Absent without official leave seems to be the way BMX legends are created some times. AWOL. Or at least it makes the legendary title more prominent. Leaving people enthralled with the mystery of it. How many single-handed video parts or coverage have people put out to astonish the masses and then they are never to be heard from ever again? Possibly hundreds. Especially now that time is passing fast in BMX, almost reaching fifty years of existence. There are riders who decide to step down from sponsorship. Whether they are burnt out on it or simply need a full time job to support themselves or a family. Then there are the ones who simply just vanish. There are dozens and nearly hundreds we could think of at DIG but these are some that stand out as some of the greats. While there are many mentions that will be left out, due to that some riders you don't hear about so much do in fact still ride. For example Joe Rich may not be in the prime spotlight amongst other riders but he is still riding at a top level: maybe even riding the best he ever has. There are countless riders that still ride, they just don't have an Instagram. They decide not to spotlight their riding within the BMX media specials. This list is focused on some of our favorite riders that either disappeared without notice or have simply have run down their bodies to the point of BMX extinction. - SB

And... If any of these guys are out there and still riding then we'd love to hear about it. Be sure to tell us which of your favorite riders you'd like to have seen more of in the comments below too.

1. Vic Ayala

"Shoulder height ledge grinds on a 40 pound bike"

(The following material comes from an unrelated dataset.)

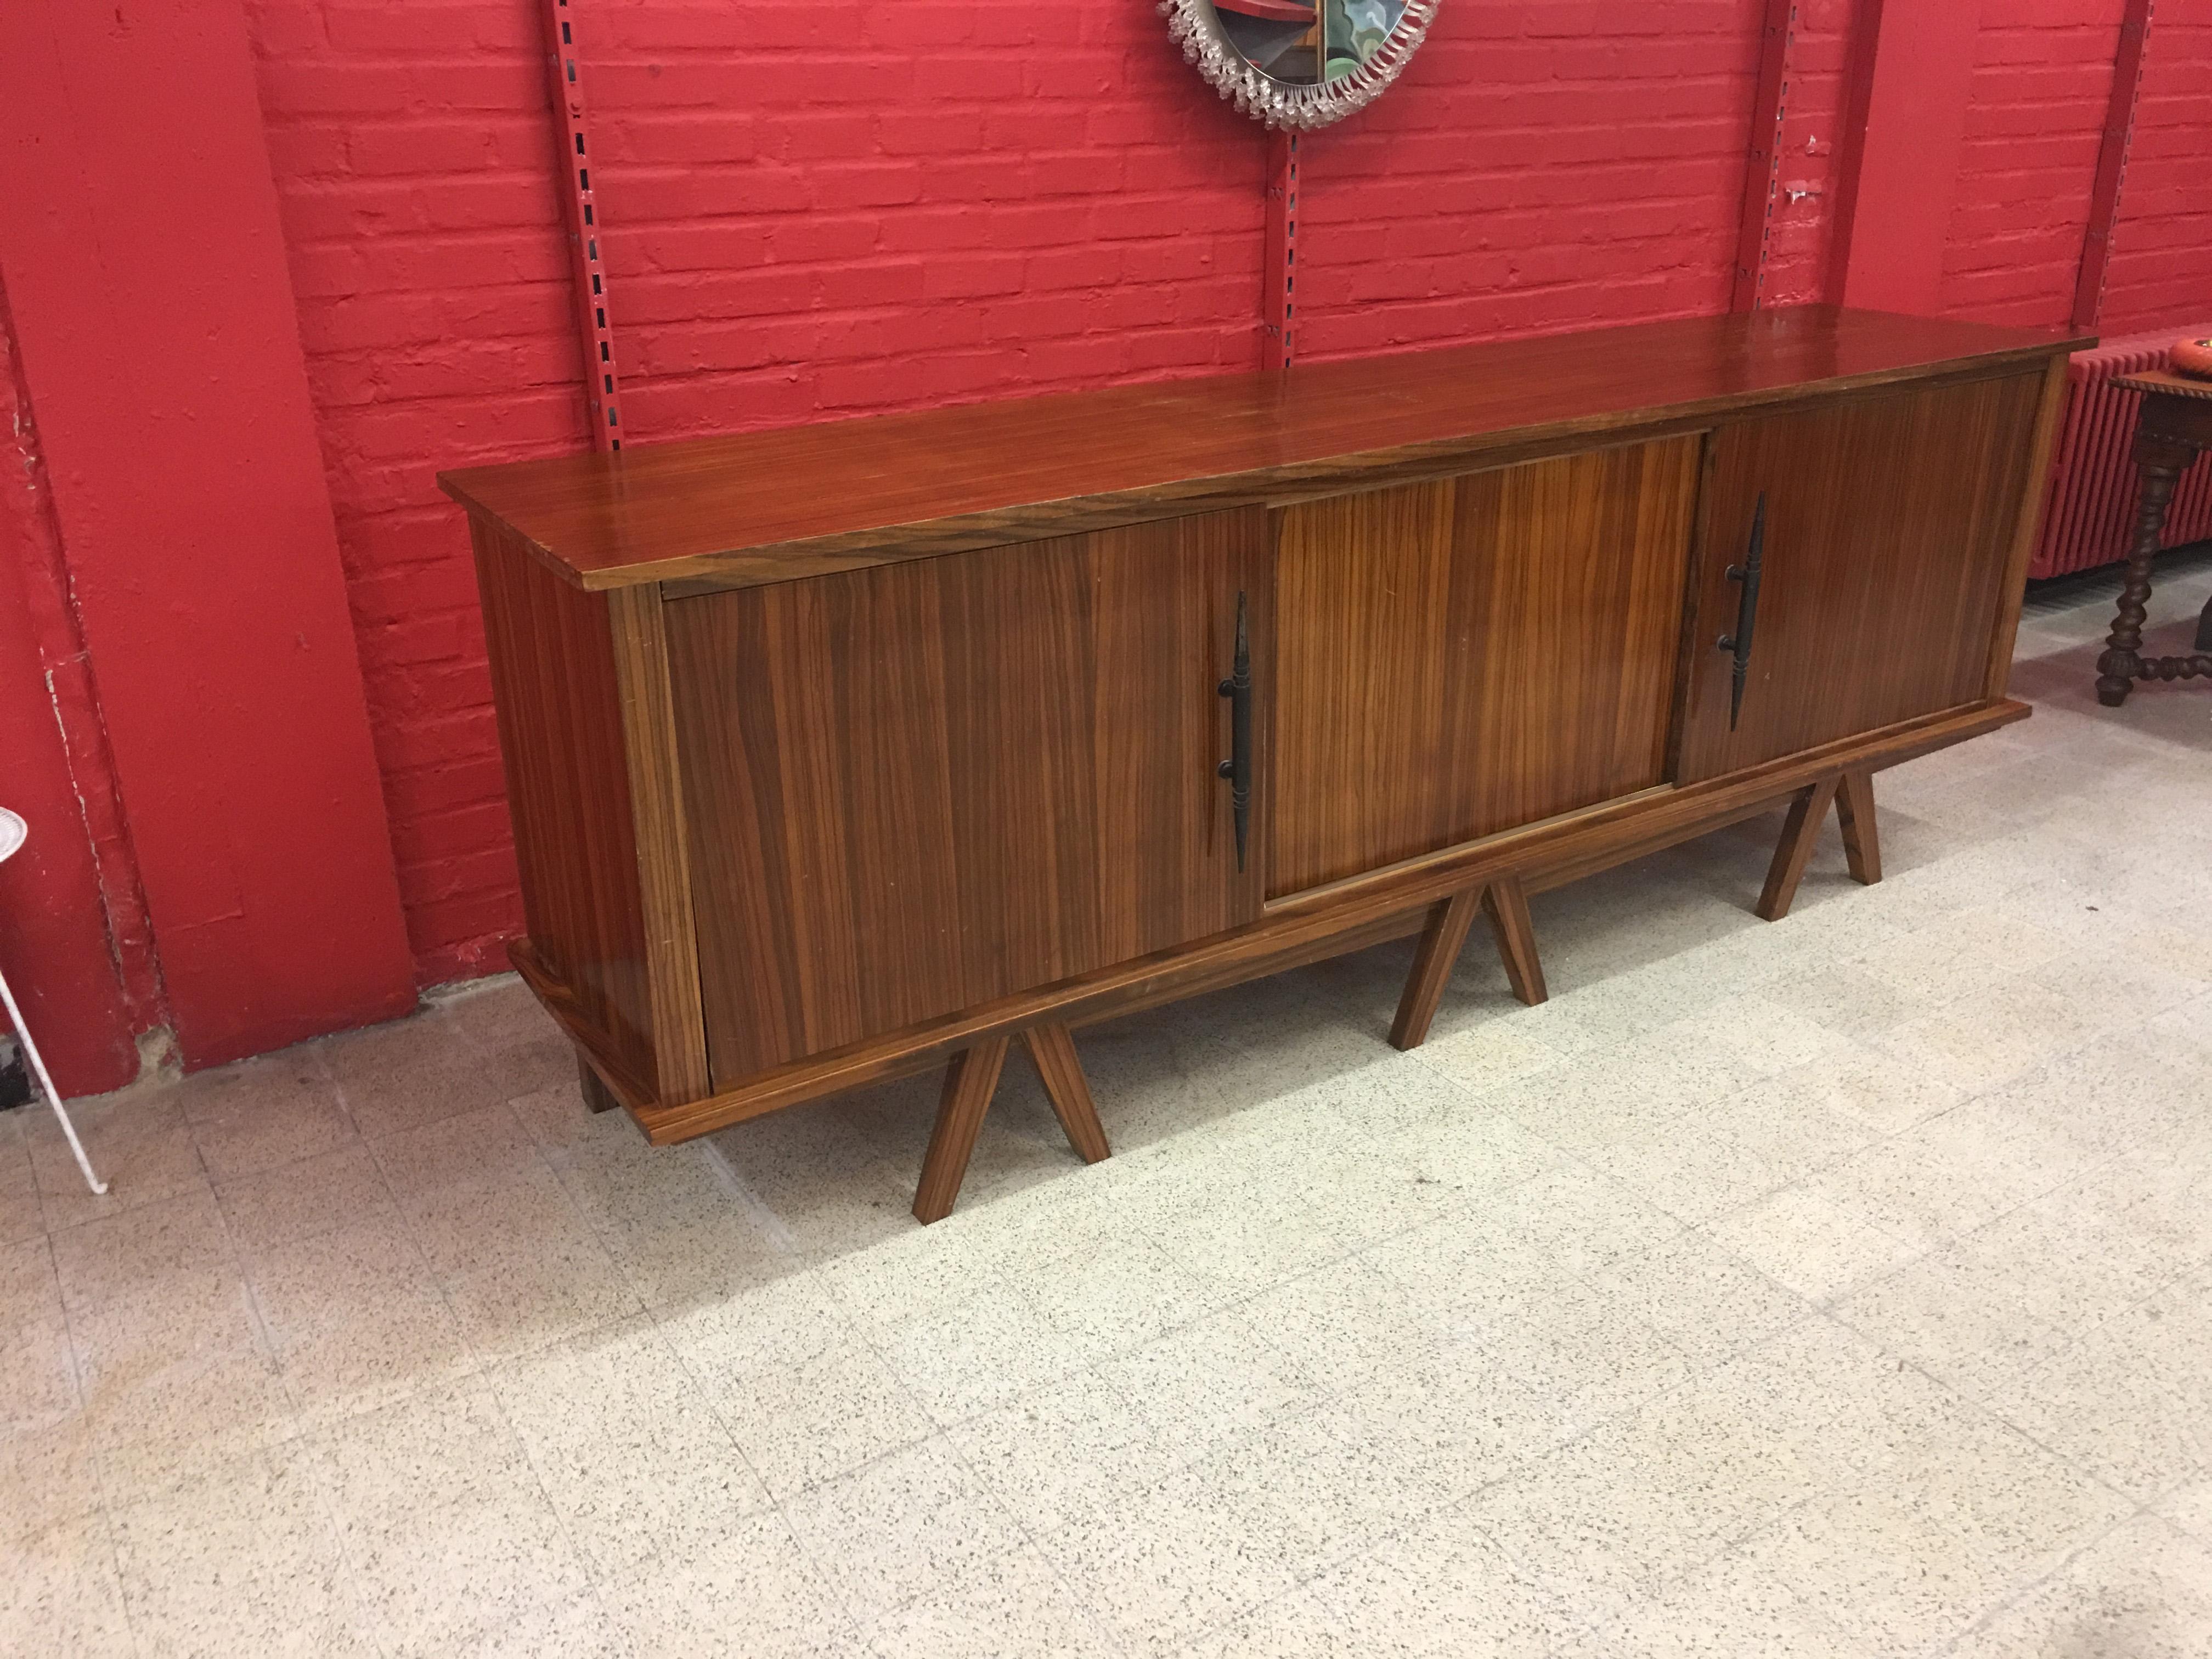  Zebra Wood and wrought iron brutalist Sideboard circa 1950 In Good Condition For Sale In Saint-Ouen, FR

2002 was an absolutely solid year in BMX. The indecisive sub-scale of the way you're suppose to ride had barely been established by any mass opinions. The east coast street boom of the late 90's and early 2000's is easily the most nostalgic street era. Which was slightly adopted from what was happening in Arizona in the late 90's. One of the ground breakers to give birth to raw east coast street style was Vic Ayala. Rumors were making the rounds on the east coast around 2000 and 2001 about Vic and that he backwards the providence river rail to full cab out… and destroying every shoulder height ledge from Virginia all the way to Boston. After his Animal and FBM 'All time Low' parts he was instantly one of the greats. The only follow up part was his short but amazing section in Please Kill Me. Shoulder height ledge grinds on a 40 pound bike in 2001 was so raw. Steel pegs on brick, smithing rough as hell rock embedded concrete... Vic gave us some rad parts but he left us wanting more.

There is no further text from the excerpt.